Marginal Emissions over Time.
In contrast to average emissions, we find that marginal CO2 emissions are increasing or remaining constant in all three interconnections (Fig. 1 and ). In addition to providing an estimate for each year in each region, we estimate linear trends in marginal emissions over time and find positive and statistically significant effects in the East and West, but not in Texas (Fig. 1 and ). Applying the estimated year-to-year changes, we find that, since 2010, marginal CO2 emissions increased 6% in the East and 15% in the West. The increase in marginal emissions for the United States as a whole was 7% over the last decade, and this occurs despite the fact that average emissions declined 28% over the same period.
Marginal Economic Damages.
We also estimate monetized damages of the marginal emissions (Fig. 1). These estimates are based on the product of marginal CO2 emissions and the social cost of carbon (SCC) in each year. The SCC represents the economic value of damage caused by an additional ton of CO2 emitted into the atmosphere in a given year. We value the SCC according to the standard approach adopted by the US government through 2016 (43) and reinstated in 2021 (44), using the central 3% discount rate scenario and converted to 2019 dollars (). The SCC is increasing over time, in part, because the incremental damages worsen with a greater stock of CO2 in the atmosphere and therefore greater climate change. The marginal damage curves illustrate that, when viewed from an economics perspective, the increase in marginal emissions over time is even more damaging—having increased 41% since 2010. Indeed, marginal emissions would need to be declining substantially over time for marginal damages to remain constant.

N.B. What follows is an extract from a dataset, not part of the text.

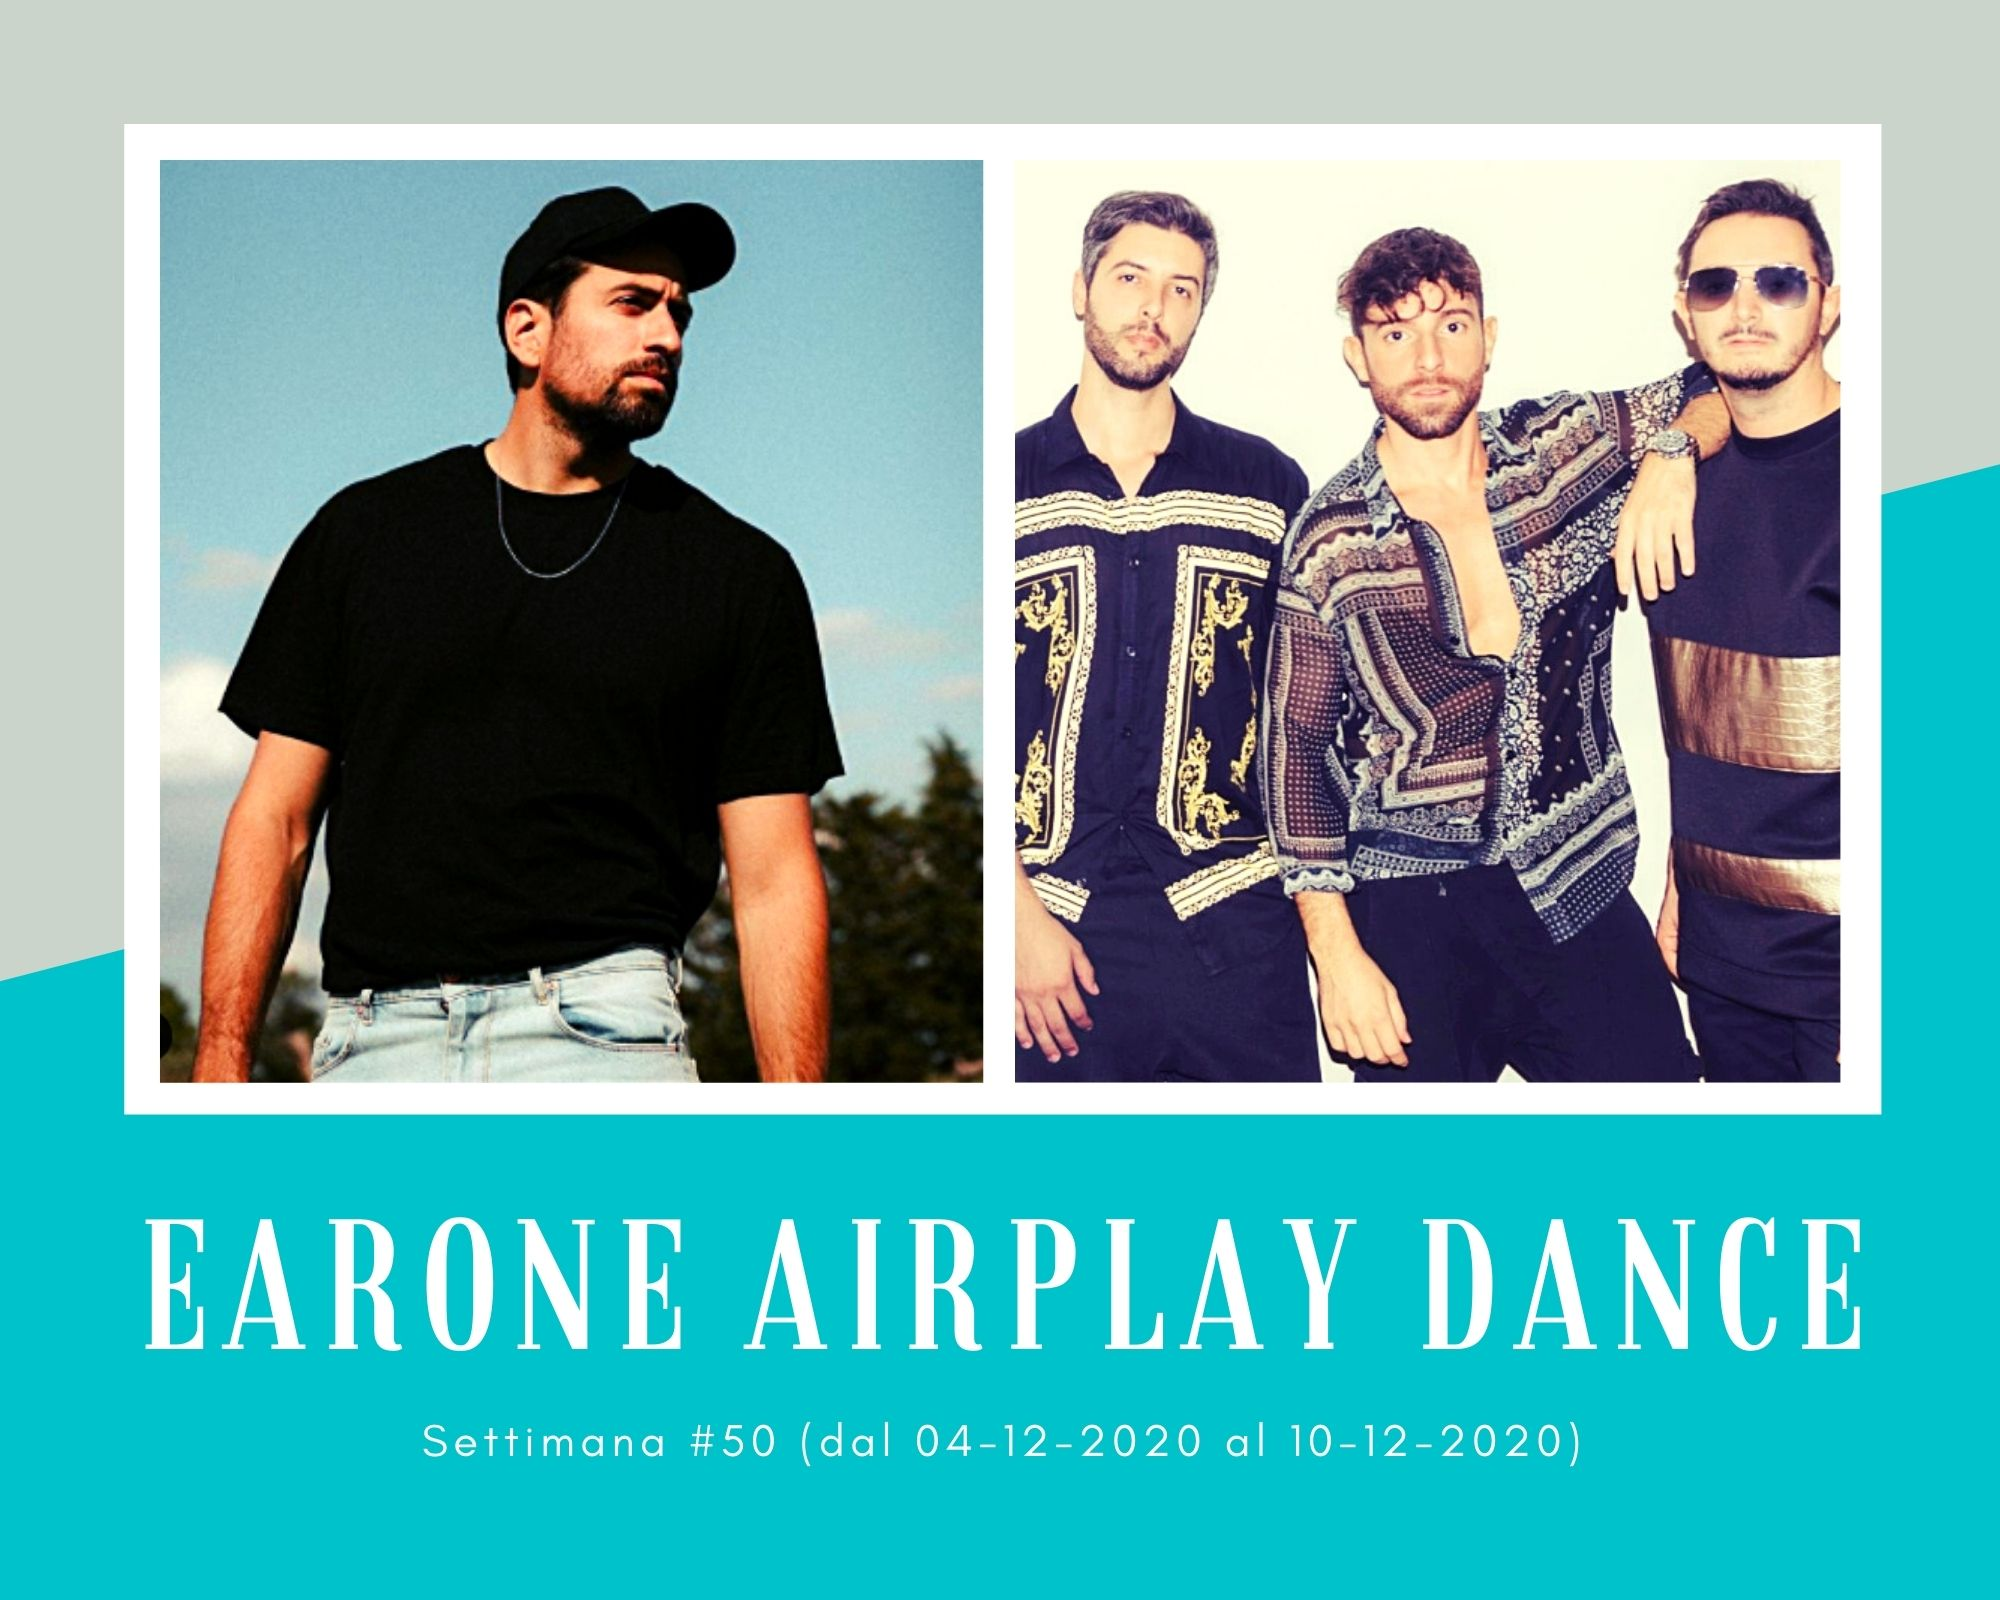 Classifica Radio EARONE Airplay Dance, week 50. I Meduza alle spalle di Dotan

Results by Hour of the Day.
Having established spatial and annual heterogeneity of marginal emissions, we now consider heterogeneity by hour of the day. Differences by hour of the day are important because many policies and behaviors intended to reduce emissions seek to encourage or discourage electricity consumption at particular times of day. Examples include technologies and policies designed to shift load to relatively low-emission or low-cost hours of the day (e.g., use of smart meters and time-of-use pricing) and targeting specific hours for EV charging. Indeed, previous studies (4) have shown how the timing of EV charging can have a significant effect on the emissions consequences, and the hour-by-region results reported here can be used to inform charging policy that seeks to minimize the environmental impacts.Information on marginal emissions by hour of the day is also critical for accurately measuring the emission reductions associated with greater generation from wind and solar energy, which typically follows predictable patterns over a 24-h period. Because these sources of generation are nondispatchable and nonemitting, their effect on emissions is equivalent to a reduction in load. Estimates of hourly marginal emissions can therefore be used to calculate the associated emissions reductions.Using the same regression approach, we provide estimates of marginal CO2 emissions for each hour based on models where data are pooled for each 2-y period (Fig. 2 and ). The intraday marginal emissions vary in ways that do not follow average hourly load, underscoring the way that marginal emissions do not simply track electricity demand. The general trend in the East and West interconnections is one where marginal CO2 emissions are increasing over time across most hours of the day. Texas is an exception, with marginal emissions showing less of a clear pattern over time and within hours of the day. One factor affecting the Texas results is likely the development of the Competitive Renewable Energy Zones project, which was constructed during the period of study and added significant transmission capacity between wind generators in west Texas and load centers in the rest of the state (35).
Fig. 2.
Hourly marginal CO2 emissions for each 2-y period, 2010–2019. Emissions are reported in pounds per kilowatt hour. Each panel also reports load by hour averaged over the decade, showing the change in demand for electricity over the course of a day. Load is reported in gigawatts. The total US estimates are load-weighted averages of the estimates for each interconnection. (A) East. (B) West. (C) Texas. (D) Total US.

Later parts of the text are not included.